▸ Raw data:
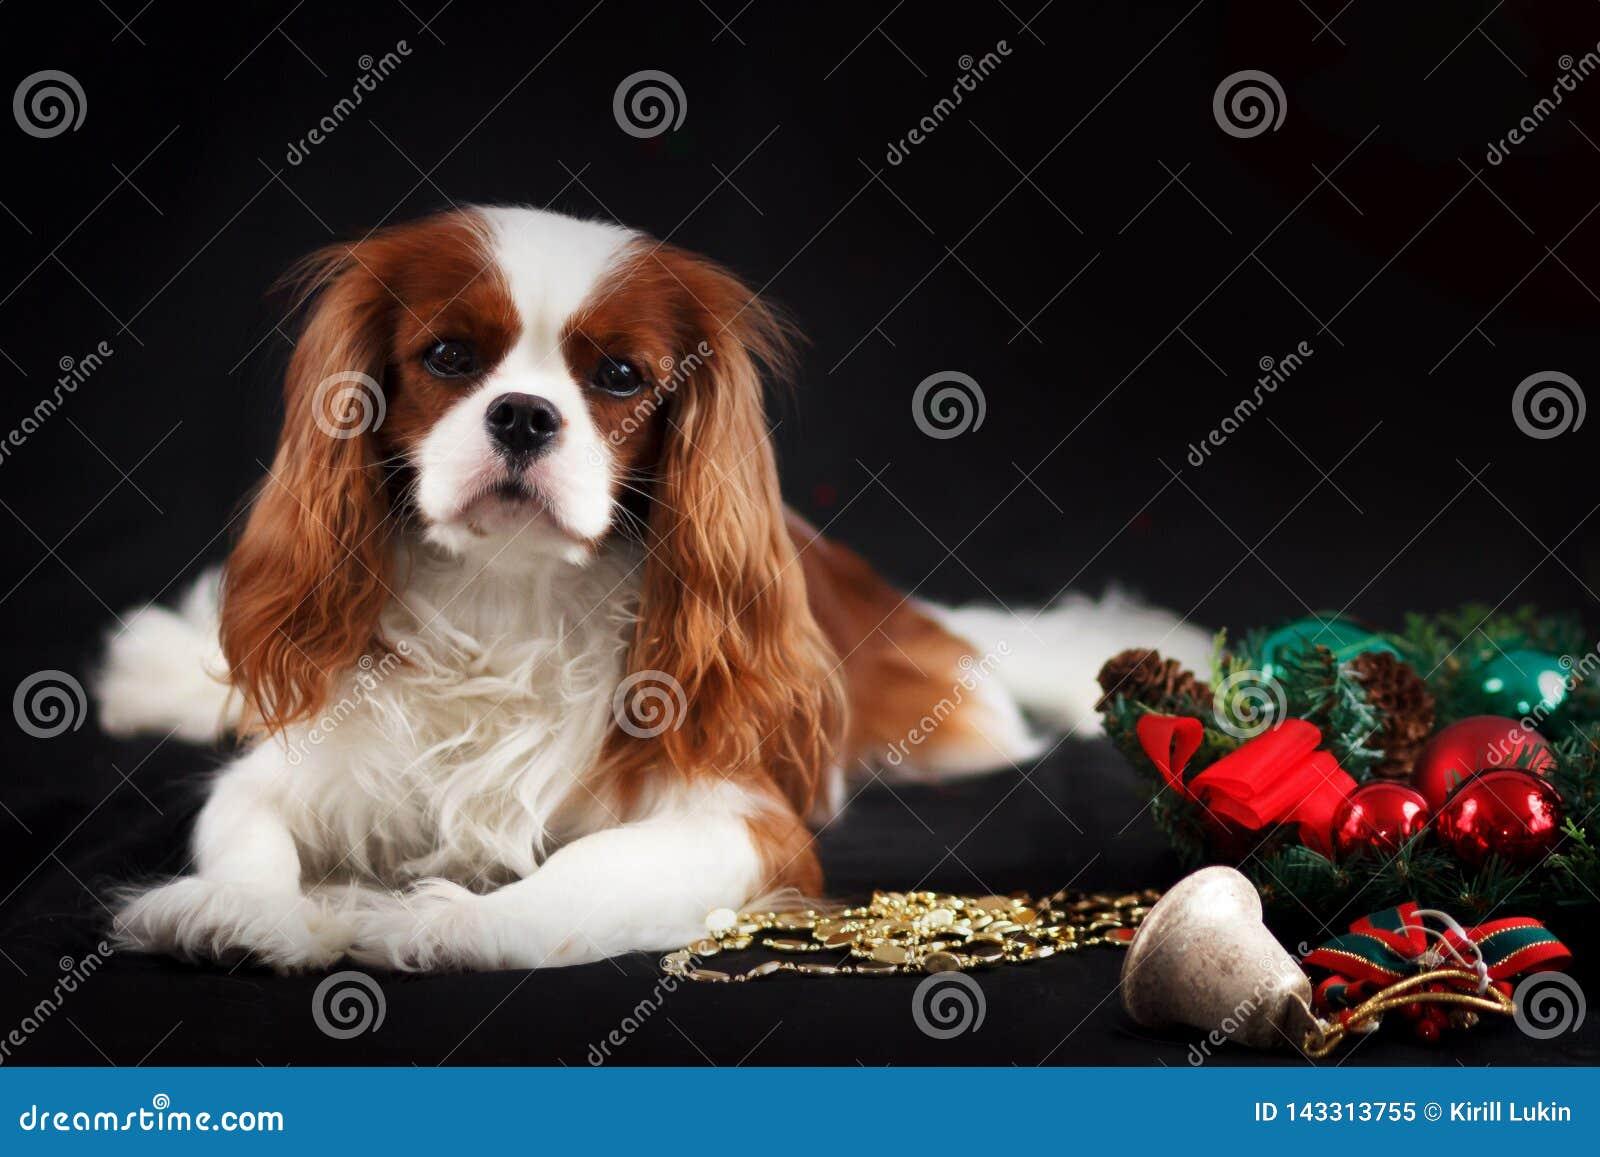 Weihnachtsfoto unbekümmerten Spaniels Königs Charles auf schwarzem Hintergrund
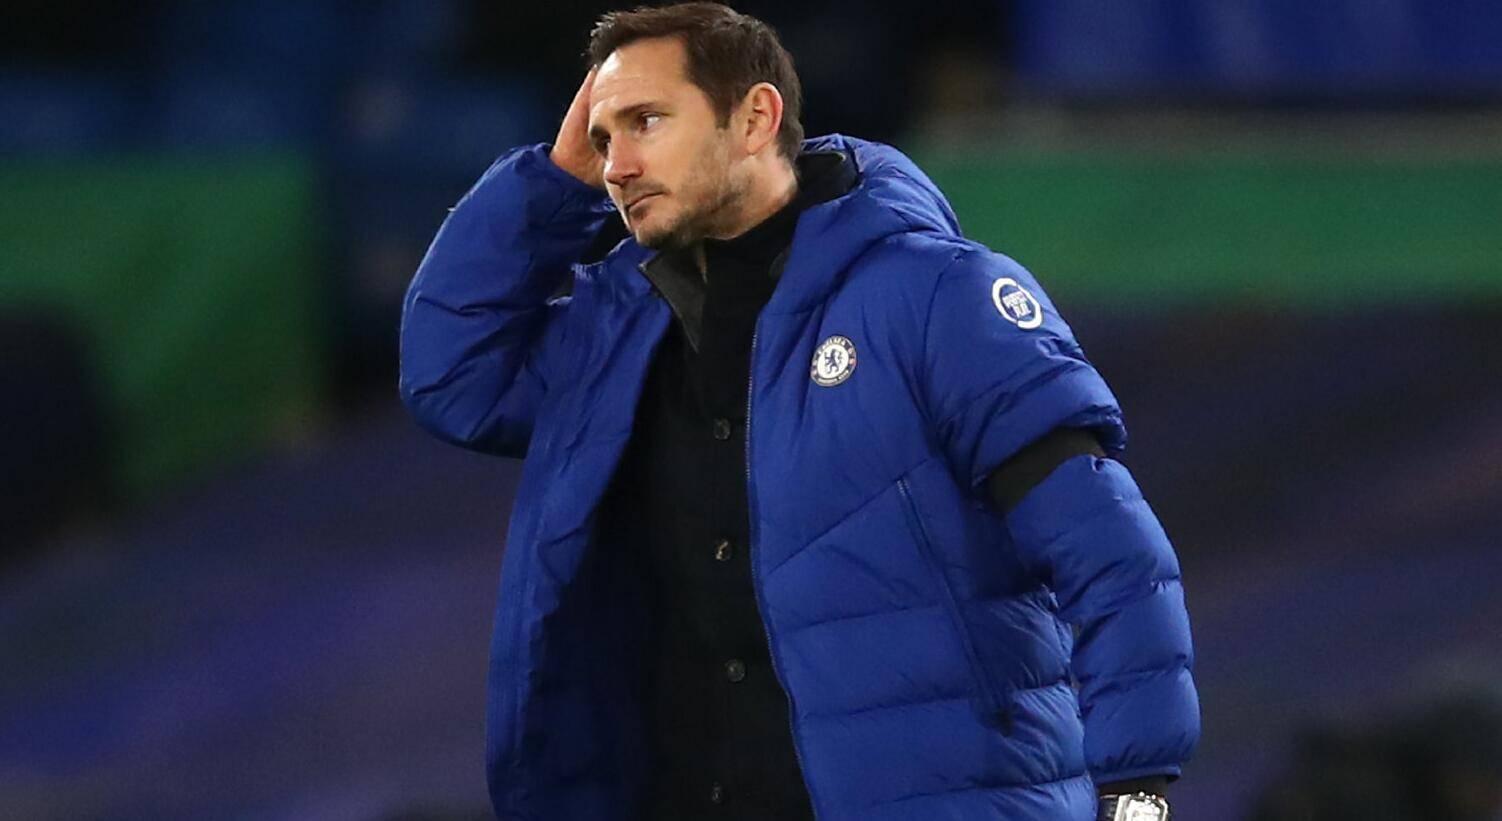 英媒:切尔西即将解雇兰帕德 已暂停球队训练
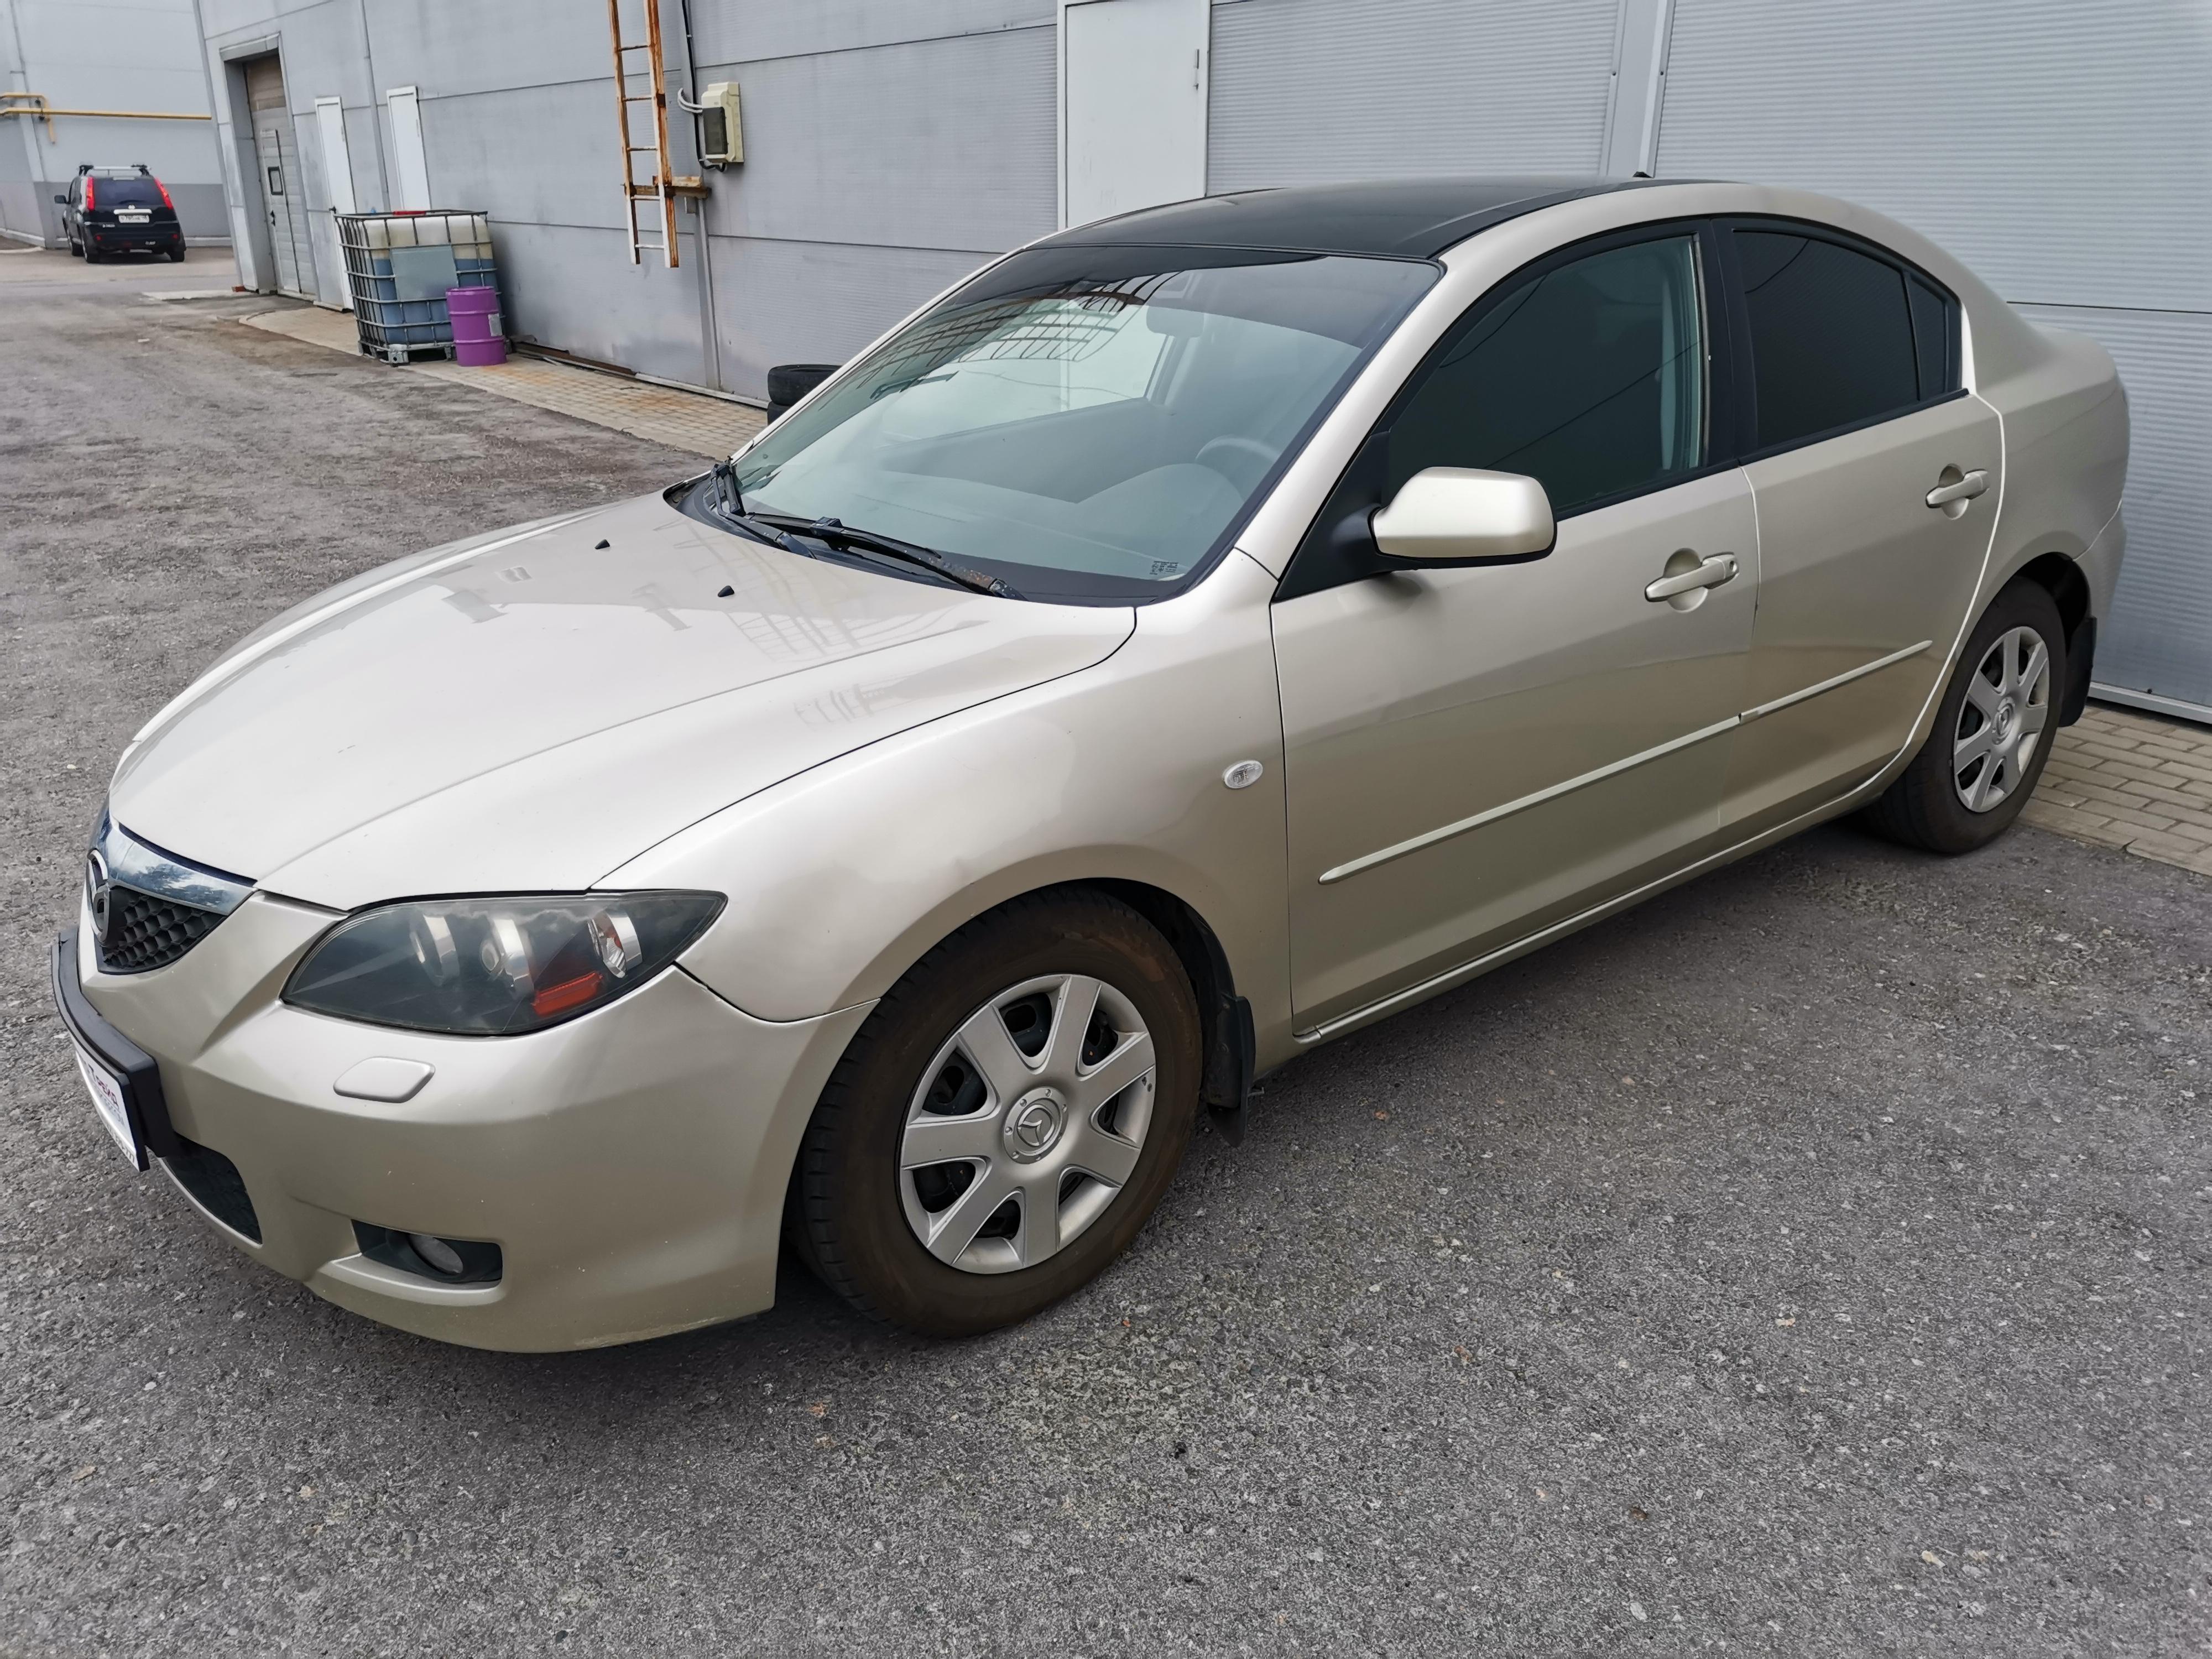 Mazda 3 Седан (2007г.)
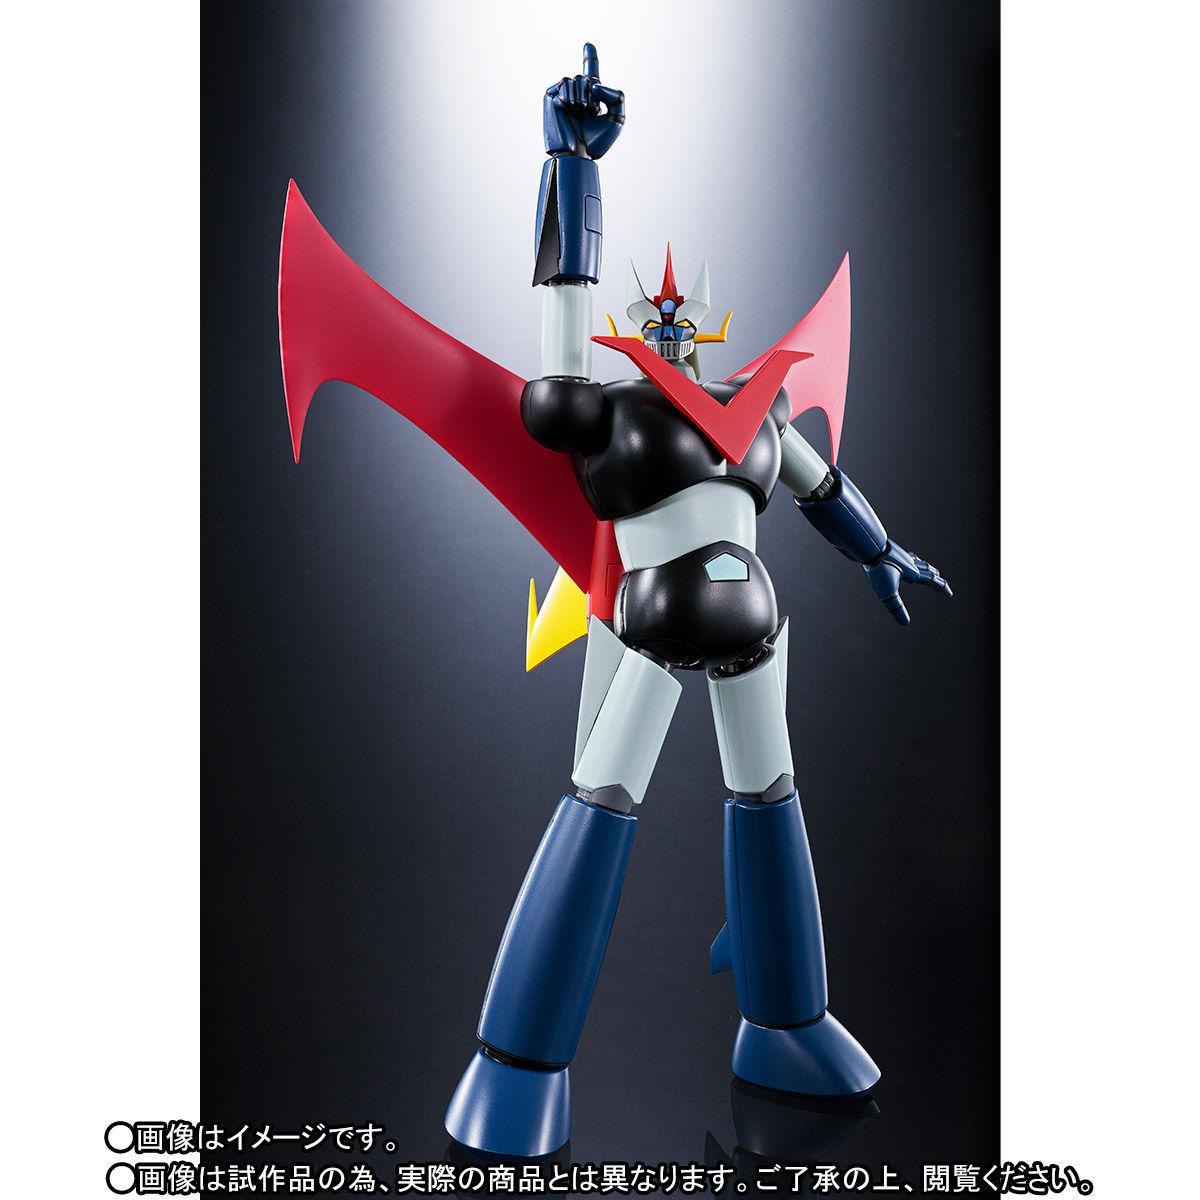 超合金魂 GX-73SP『グレートマジンガー D.C. アニメカラーバージョン』可動フィギュア-006

▸ Aim of the exercise: Return all of the data exactly as written, and drop the pictures.

▸ Worked solution:
 Weihnachtsfoto unbekümmerten Spaniels Königs Charles auf schwarzem Hintergrund
 英媒:切尔西即将解雇兰帕德 已暂停球队训练
 Mazda 3 Седан (2007г.)
 超合金魂 GX-73SP『グレートマジンガー D.C. アニメカラーバージョン』可動フィギュア-006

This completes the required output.